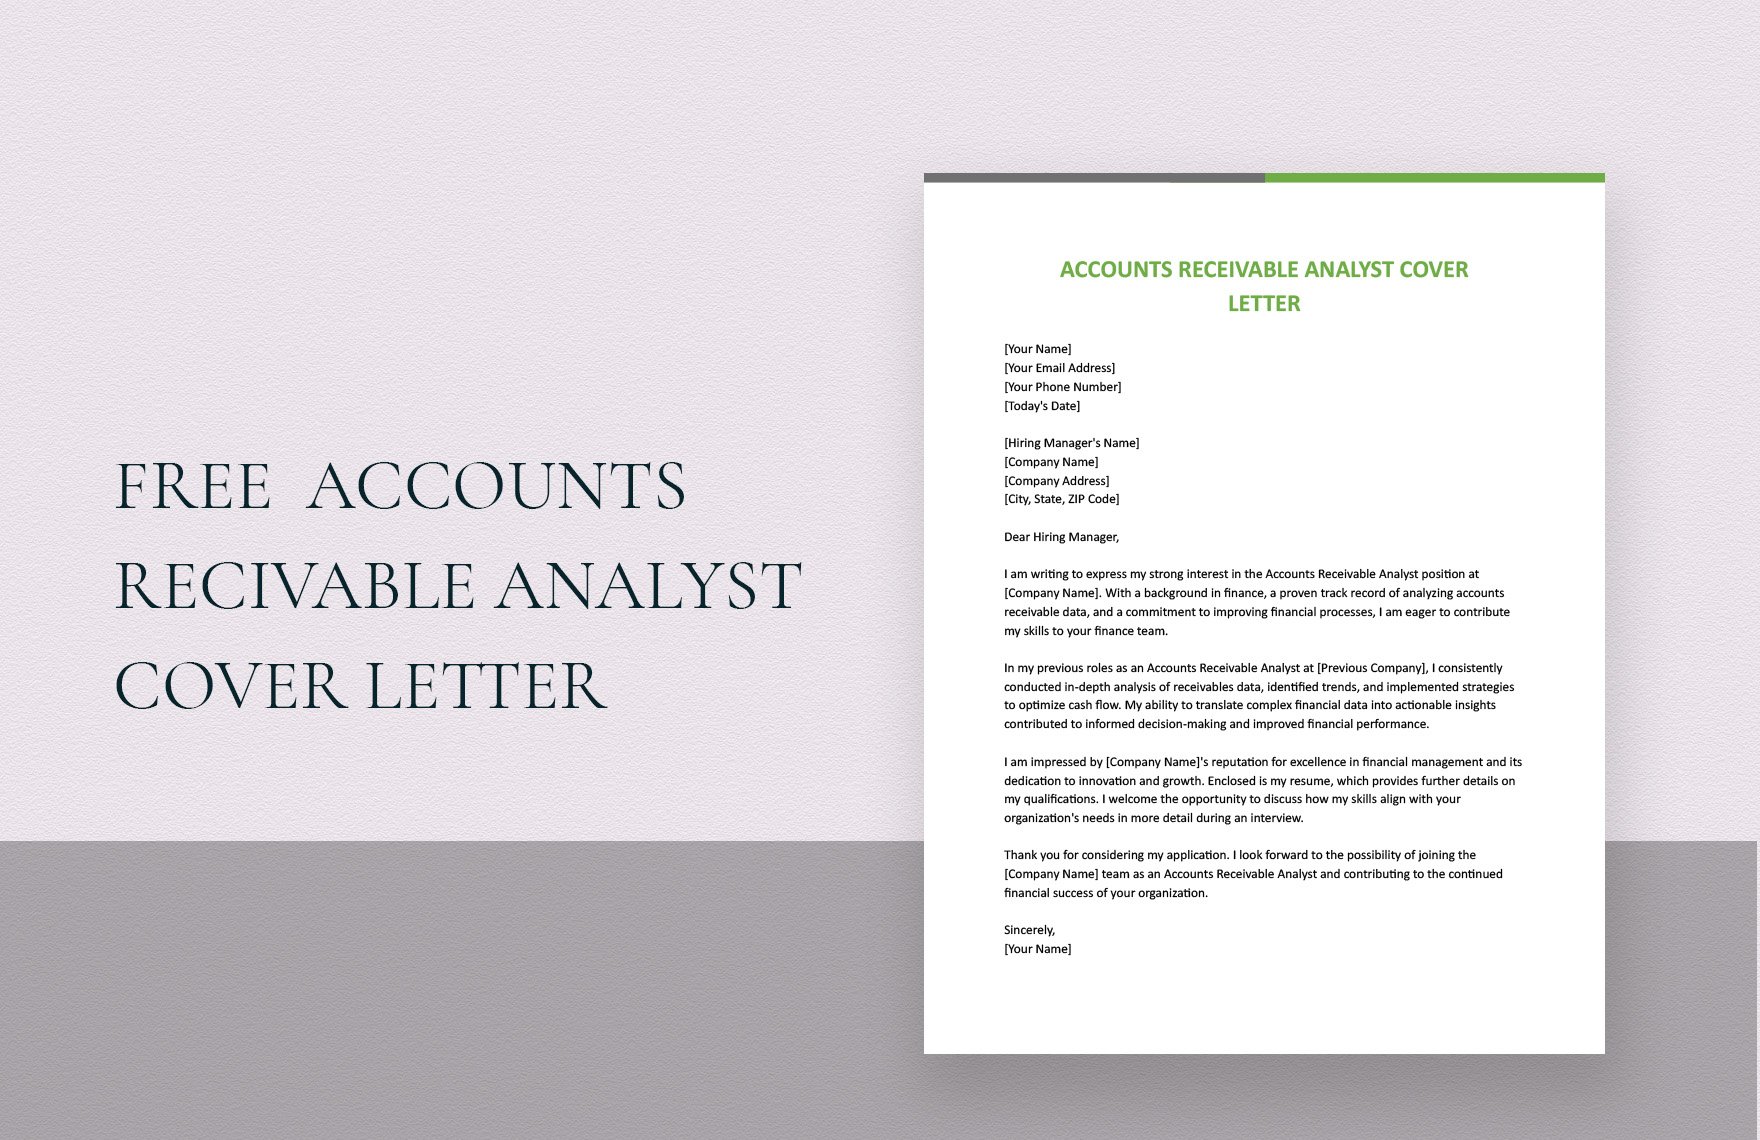 Accounts Receivable Analyst Cover Letter
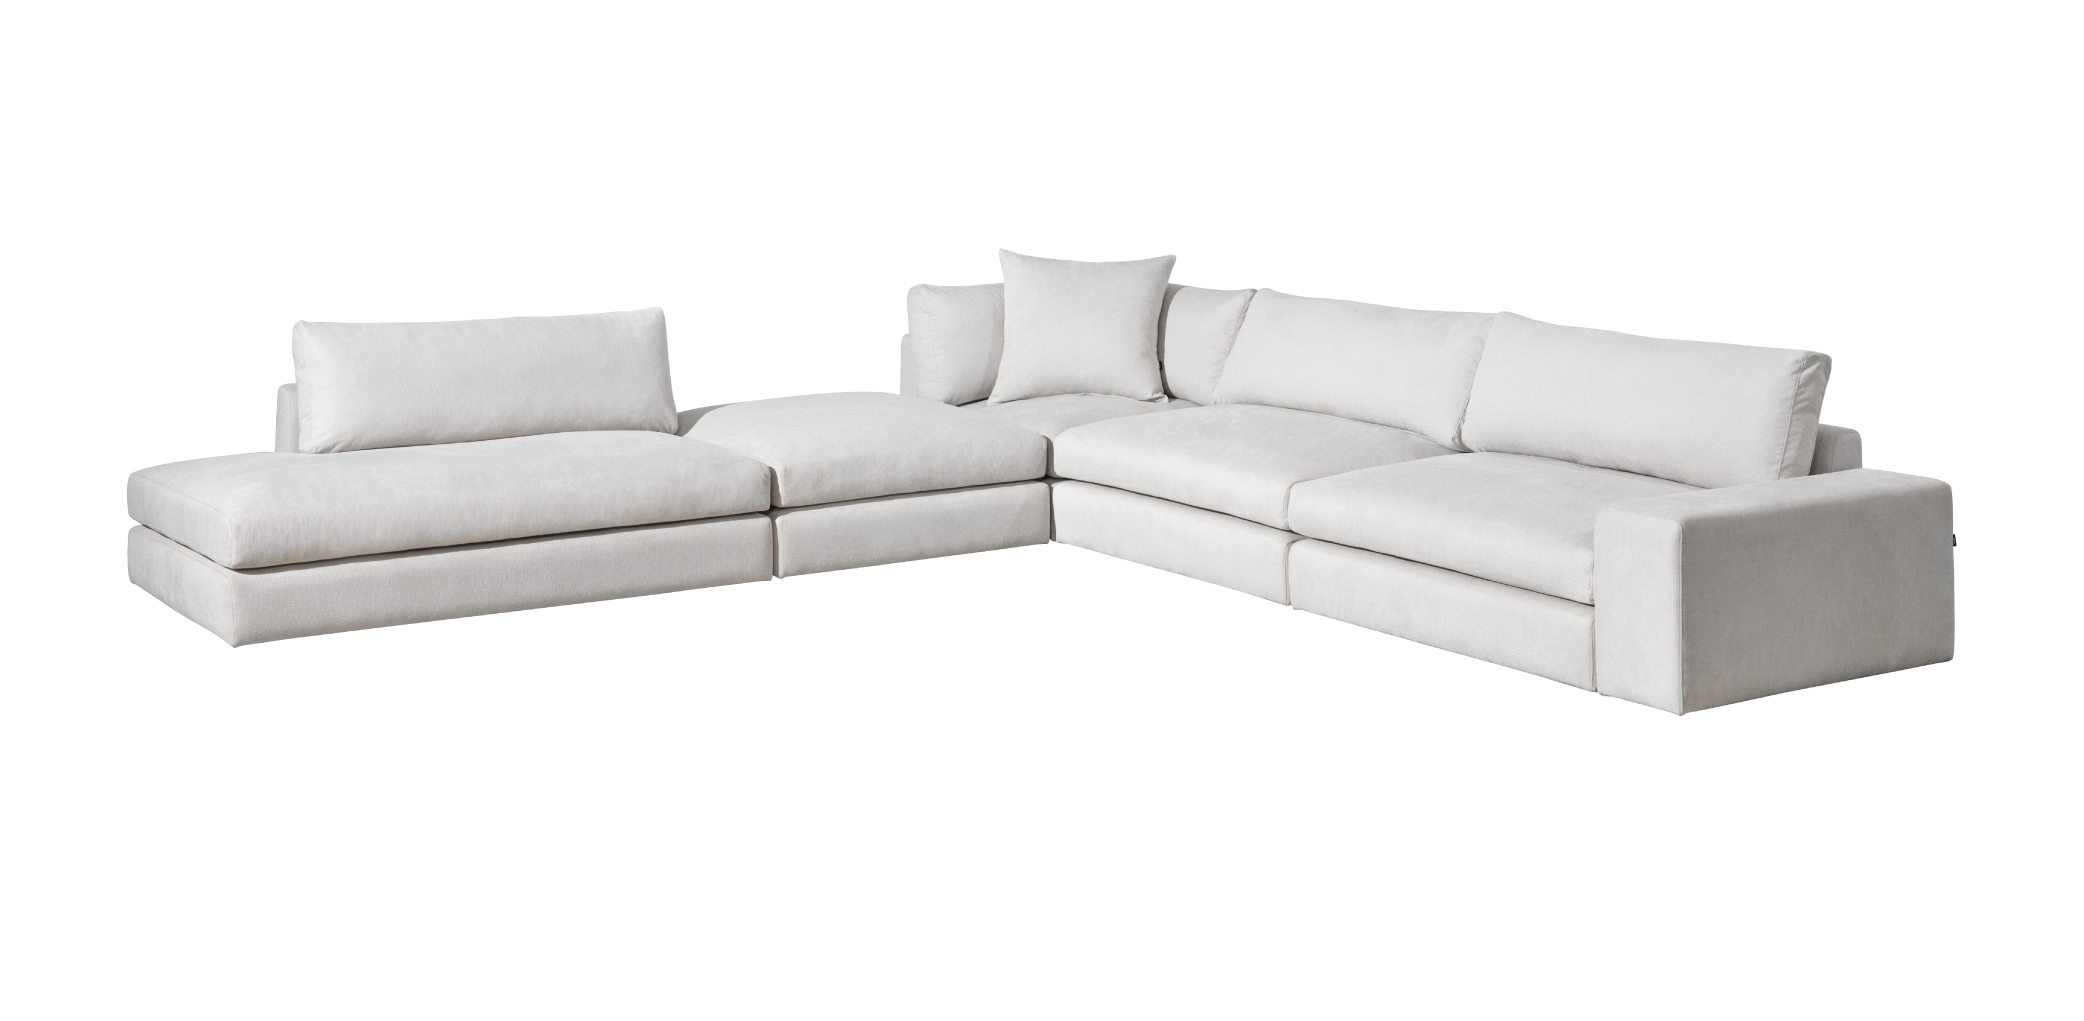 https://zerofurniture.vn/static/2975/2023/12/11/product_classic_sectional_nsp.png
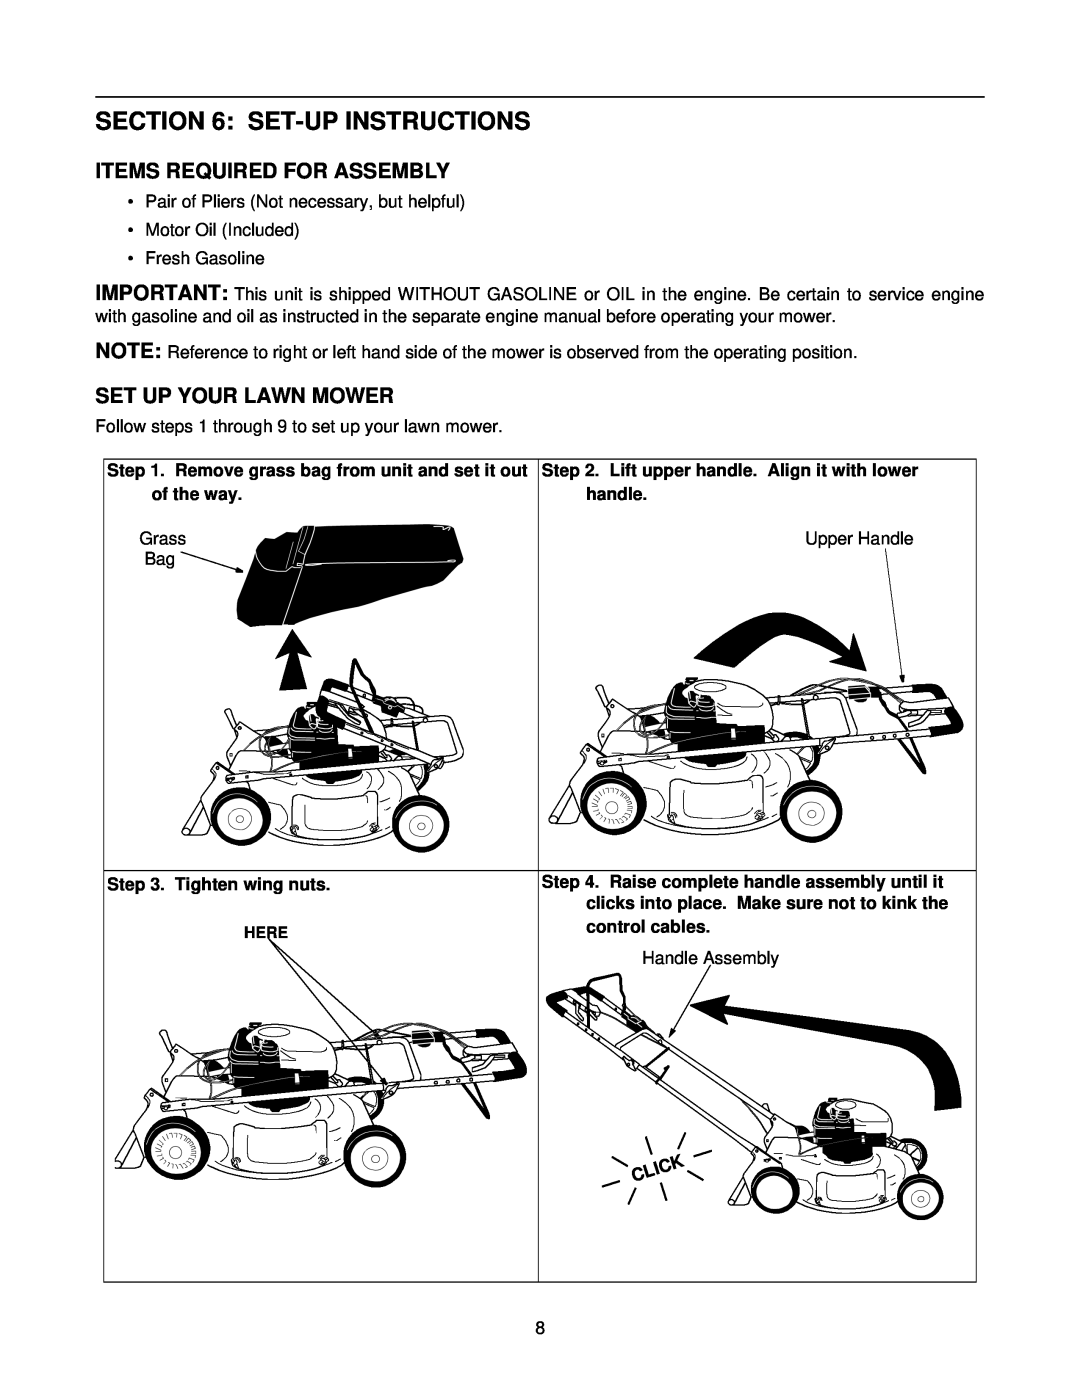 Yard-Man 247.37979 manual Set-Upinstructions, Items Required For Assembly, Set Up Your Lawn Mower 
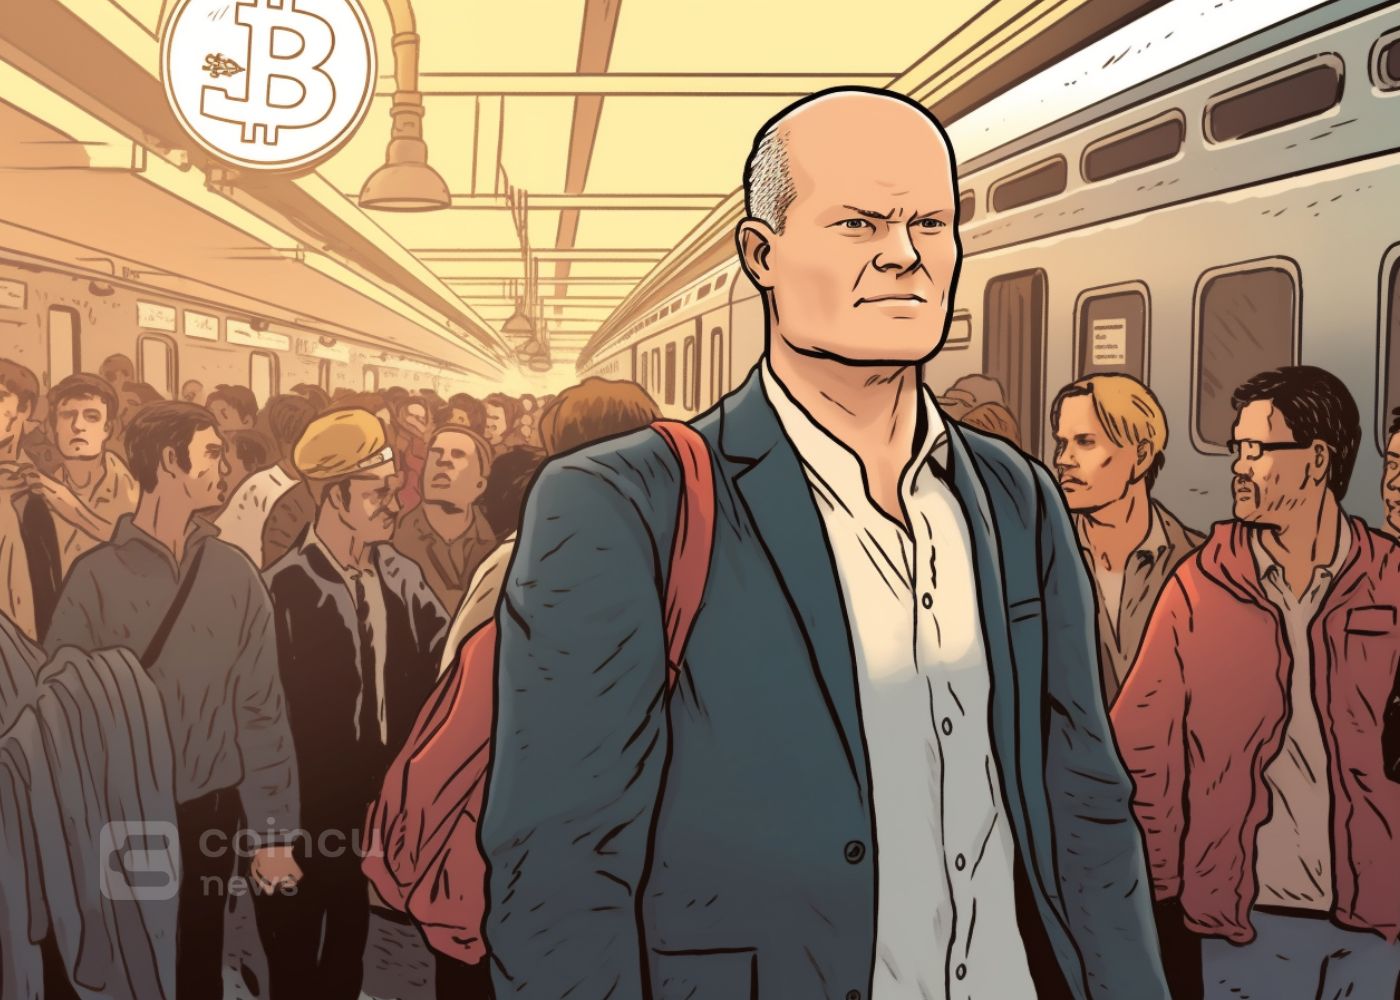 Bitcoin ETF Approval Expected In 4-6 Months, Says Galaxy CEO Mike Novogratz
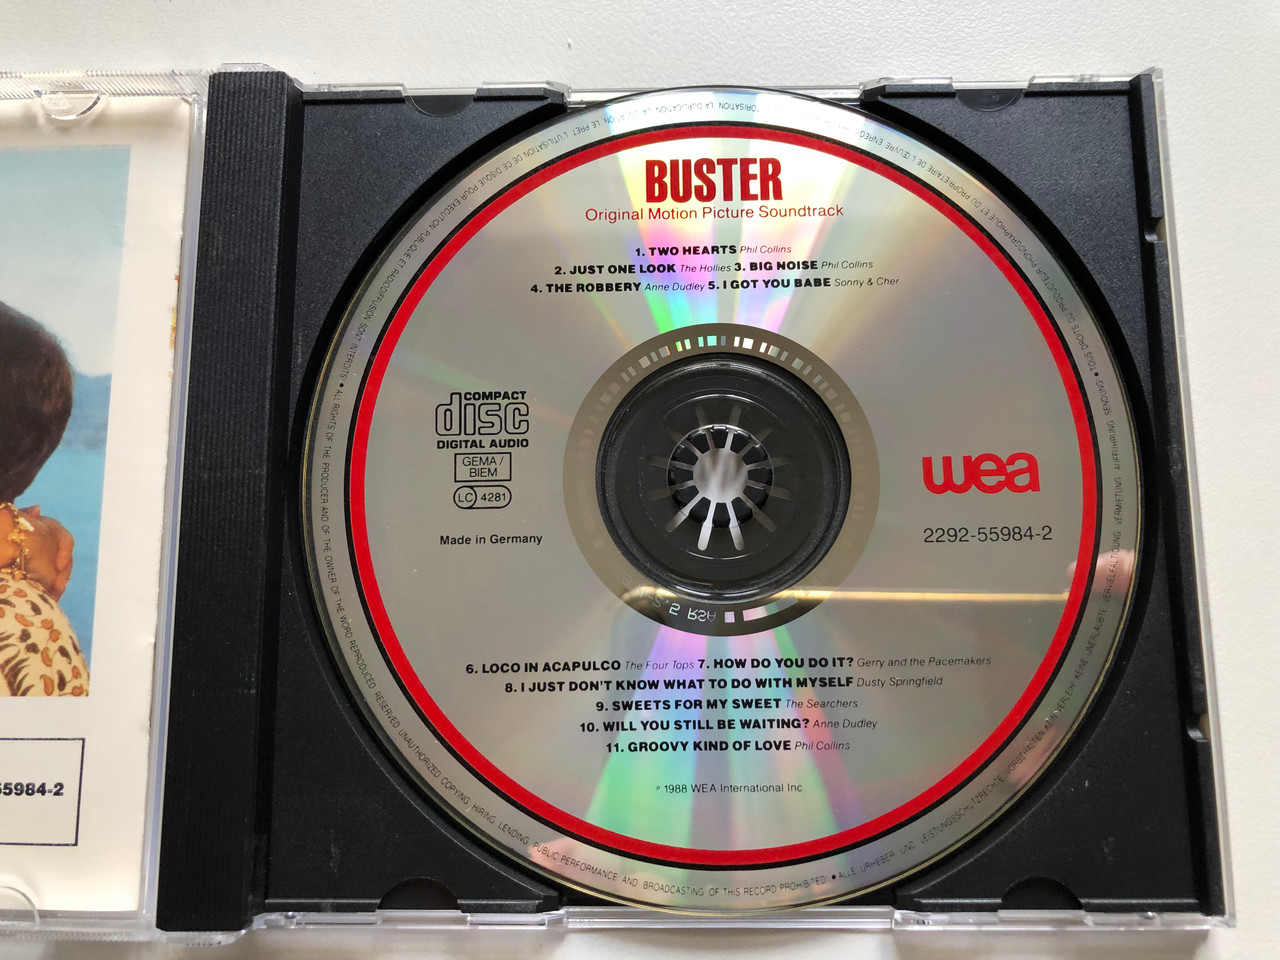 https://cdn10.bigcommerce.com/s-62bdpkt7pb/products/0/images/242233/Buster_The_Original_Motion_Picture_Soundtrack_Featuring_new_tracks_by_Phil_Collins_The_Four_Tops_and_classic_tracks_by_The_Hollies_The_Searchers_Gerry_And_The_Pacemakers_Dusty_Spri_3__62760.1658741677.1280.1280.JPG?c=2&_gl=1*1svvb6m*_ga*MjA2NTIxMjE2MC4xNTkwNTEyNTMy*_ga_WS2VZYPC6G*MTY1ODczMDA4My40OTYuMS4xNjU4NzQxMzkxLjEy
+ + + +
Would you restate, word for word and with no pictures, only the lines from the opening of the material through the line with "Yard-Man 247.37979 manual", both included?

- _Reply to the exercise_:
 Accounts Receivable Analyst Cover Letter
 https://zerofurniture.vn/static/2975/2023/12/11/product_classic_sectional_nsp.png
 Yard-Man 247.37979 manual Set-Upinstructions, Items Required For Assembly, Set Up Your Lawn Mower 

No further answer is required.